Thanks! Ah, I'm probably just typical-minding like there's no tomorrow, but I find it inconceivable to place much value on the amount of branches you exist in. The perceived continuation of your consciousness will still go on as long as there are beings with your memories in some branch: in general, it seems to me that if you say you "want to keep living", you mean you want there to be copies of you in some or the possible futures, waking up the next morning doing stuff present-you would have done, recalling what present-you thought yesterday, and so on (in addition you will probably want a low probability for this future to include significant suffering). Likewise, if you say you "want to see humanity flourish indefinitely", you want a future that includes your biological or cultural peers and offspring colonizing space and all that, remembering and cherishing many of the values you once had (sans significant suffering). To me it seems impossible to assign value to the amount of MWI-copies of you, not least because there is no way you could even conceive their number, or usually make meaningful ethical decisions where you weigh their amounts.* Instead, what matters overwhelmingly more is the probability of any given copy living a high quality life.
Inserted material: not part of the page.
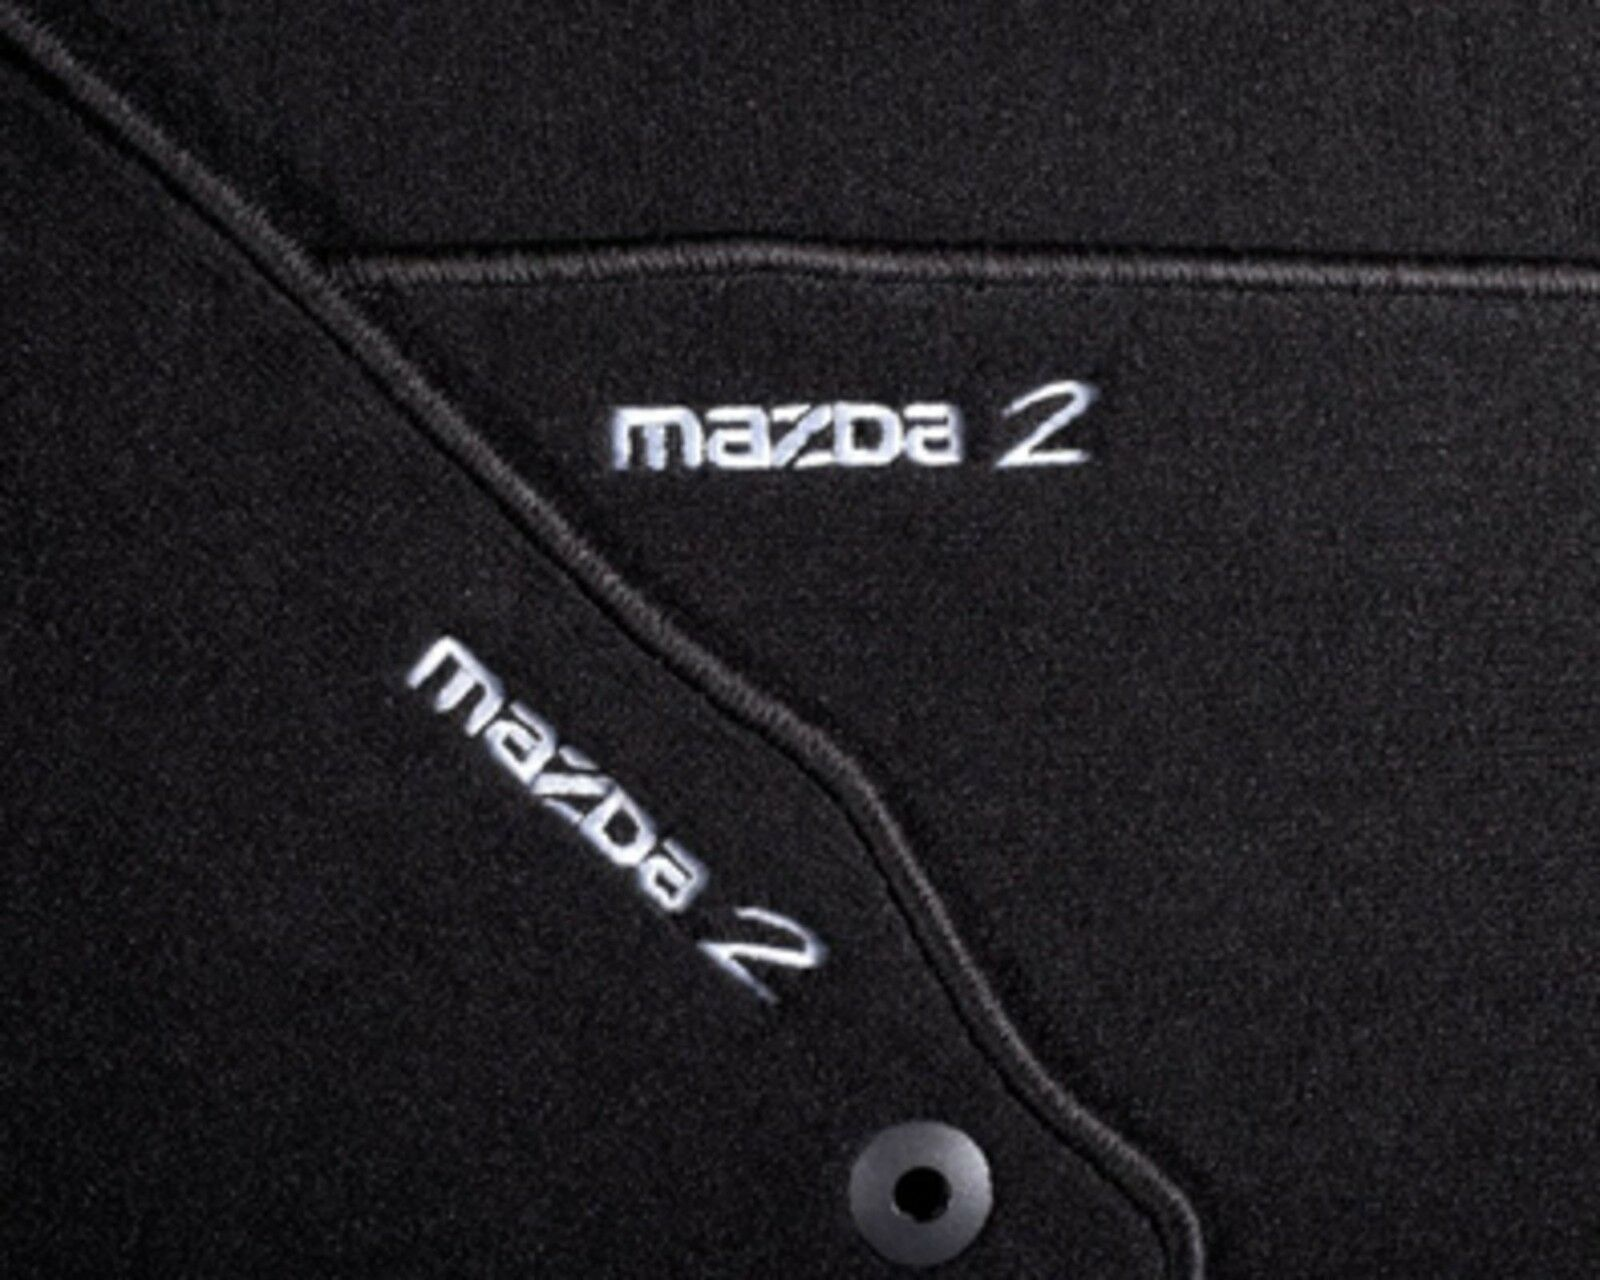 Gummi-Fußmatten Mazda CX-9 2007-2015 4tlg Gummimatten
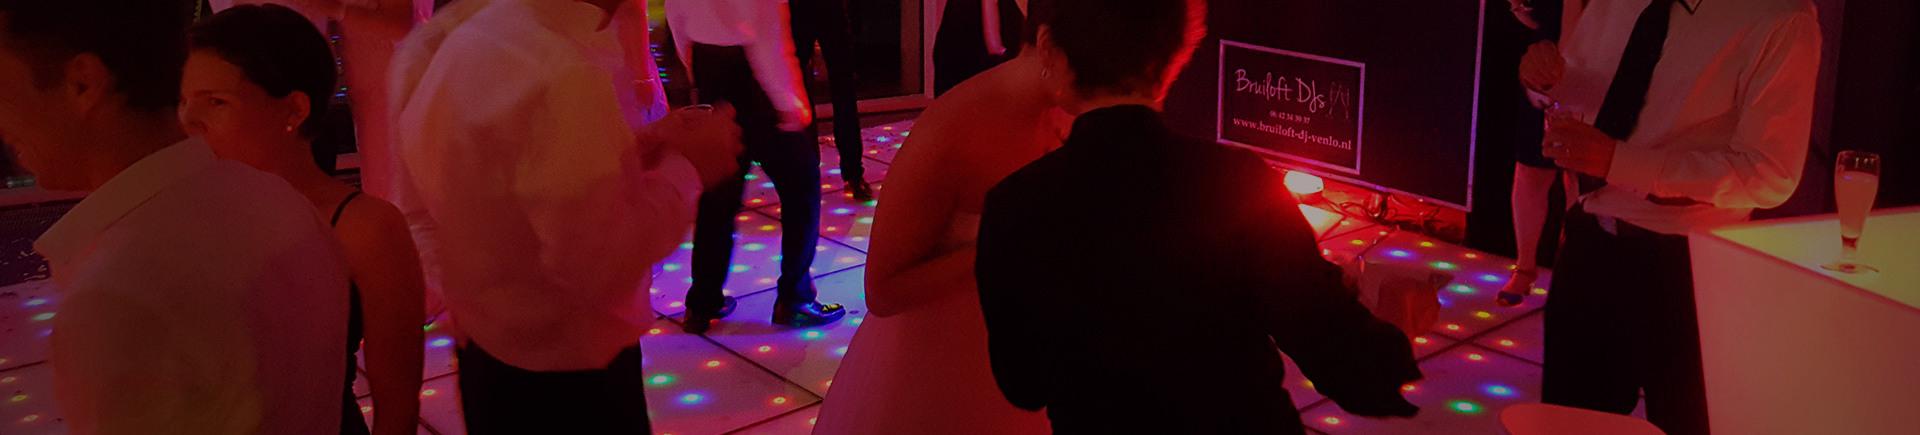 geweldig-feest-dj-dansen-party-deejay-dj-muziek-licht-geluid-huren-verhuur-dansvloer

just the proportion of branches where everything is stellar out of the total proportion of branches where you are alive
Yes, this is obvious of course. What I meant was exactly this, because from the point of view of a set of observers, eliminating the set of observers from a branch <=> rendering the branch irrelevant, pretty much.
which isn't so important.
To me it did feel like this is obviously what's important, and the branches where you don't exist simply don't matter - there's no one there to observe anything after all, or judge the lack of you to be a loss or morally bad (again, not applicable to individual humans).
If I learned today that I have a 1% chance to develop a maybe-terminal, certainly suffering-causing cancer tomorrow, and I could press a button to just eliminate the branches where that happens, I would not have thought I am committing a moral atrocy. I would not feel like I am killing myself just because part of my future copies never get to exist, nor would I feel bad for the copies of the rest of all people - no one would ever notice anything, vast amounts of future copies of current people would wake up just like they thought they would the next morning, and carry on with their lives and aspirations. But this is certainly something I should learn to understand better before anyone gives me a world-destroying cancer cure button.
*Which is one main difference when comparing this to regular old population ethics, I suppose.
To me it seems impossible to assign value to the amount of MWI-copies of you, not least because there is no way you could even conceive their number, or usually make meaningful ethical decisions where you weigh their amounts.
As it happens, you totally can (it's called the Born measure, and it's the same number as what people used to think was the probabilities of different branches occurring), and agents that satisfy sane decision-theoretic criteria weight branches by their Born measure - see this paper for the details.